Горячо и угарно пахнуло чьей-то живой плотью. Лисенок упруго припал к самой земле, почти пополз в дразнящем нос направлении и увидел толстого желтоватого суслика, точившего какую-то травинку. Зверек был крупный, но это не остановило голодного щенка. Чутье подсказывало ему, что это добыча. Лисенок заторопился, и суслик обнаружил его своими выпуклыми, навыкате глазами, резко бросил сладкий стебель и неуклюже побежал к своей норе. Щенок во много раз был проворнее неповоротливого грызуна и схватил бы его, не будь тот так близко от норы. Частые зубки лисенка лишь хватанули за кончик хвостовой метелочки, оставив в пасти клочок жестких волос. Лапы его взрыхлили слежавшуюся глину, вынутую при рытье жилища, и щенок едва не упал, выкрутив причудливое сальто.
Нора была крутой и достаточно широкой. Весь нос звереныша вошел в нее. Сладкий для лисенка запах бил ему в ноздри мощно и беспрерывно, кружил голову и злил своей недоступностью. Щенок с ожесточением стал рыть лапами сухую землю, рвать зубами твердые края норы, но быстро выдохся и отошел в сторону, к меже.
Наплывал зной, упруго задрожал в мареве воздух. Лежа в межевой траве, звереныш заметил, как любопытный грызун высунулся из норы и долго глядел в разные стороны. Лисенок затаился, почти слившись с выгорающей травой, а недогрызенный корешок манил голодного суслика. Он осторожно вылез на глинистый бугорок подле норы, стал столбиком и снова долго озирался. Лисенок дрожал от нетерпения, охотничьего азарта, голода, но не спешил. На этот раз нужно было действовать наверняка.

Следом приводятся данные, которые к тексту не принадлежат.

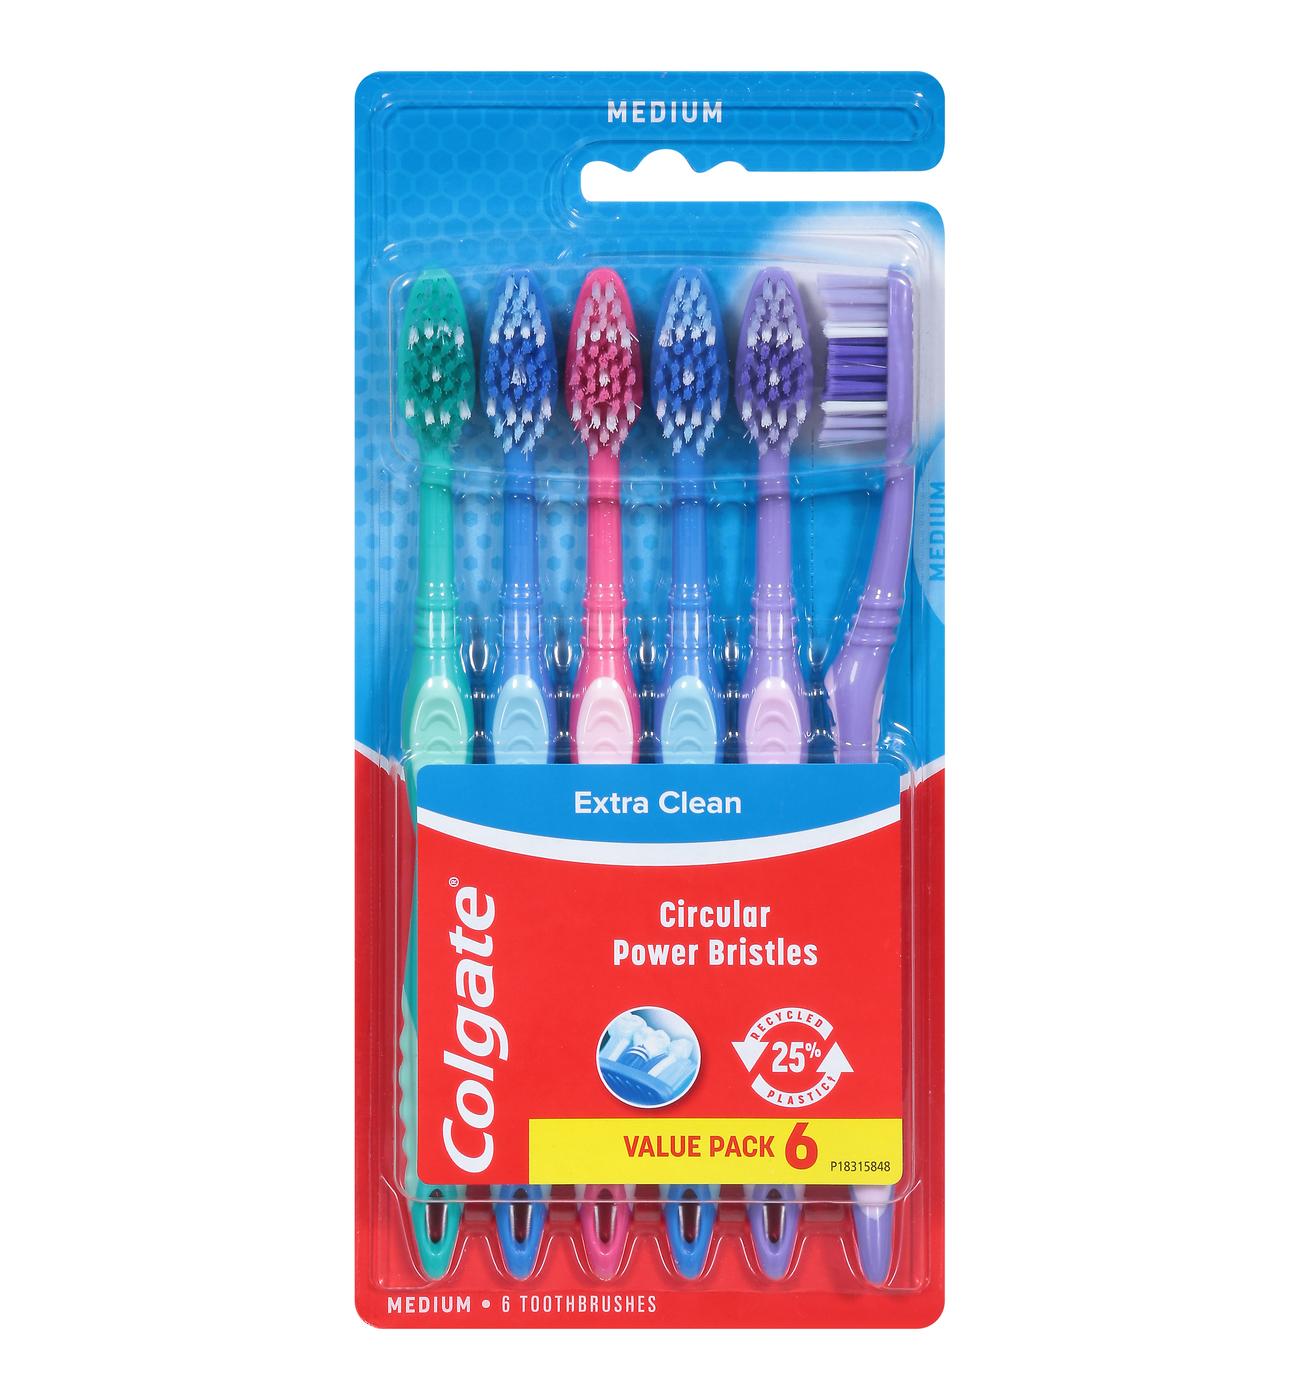 Colgate Extra Clean Toothbrushes - Medium; image 1 of 8

Суслик с перевалкой побежал к оставленному колоску, и тут щенок кинулся не к нему наперерез, а к норе. У норы они и столкнулись. Острые зубы звереныша вцепились в жирный загривок грызуна. Придавив суслика к земле, лисенок чувствовал упругие его толчки и яростно, как когда-то в борьбе за кость, напрягся всем телом, ощущая в пасти горячую дурманящую кровь. Через несколько минут грызун затих. Облизываясь, лисенок поволок его к меже, в густую траву…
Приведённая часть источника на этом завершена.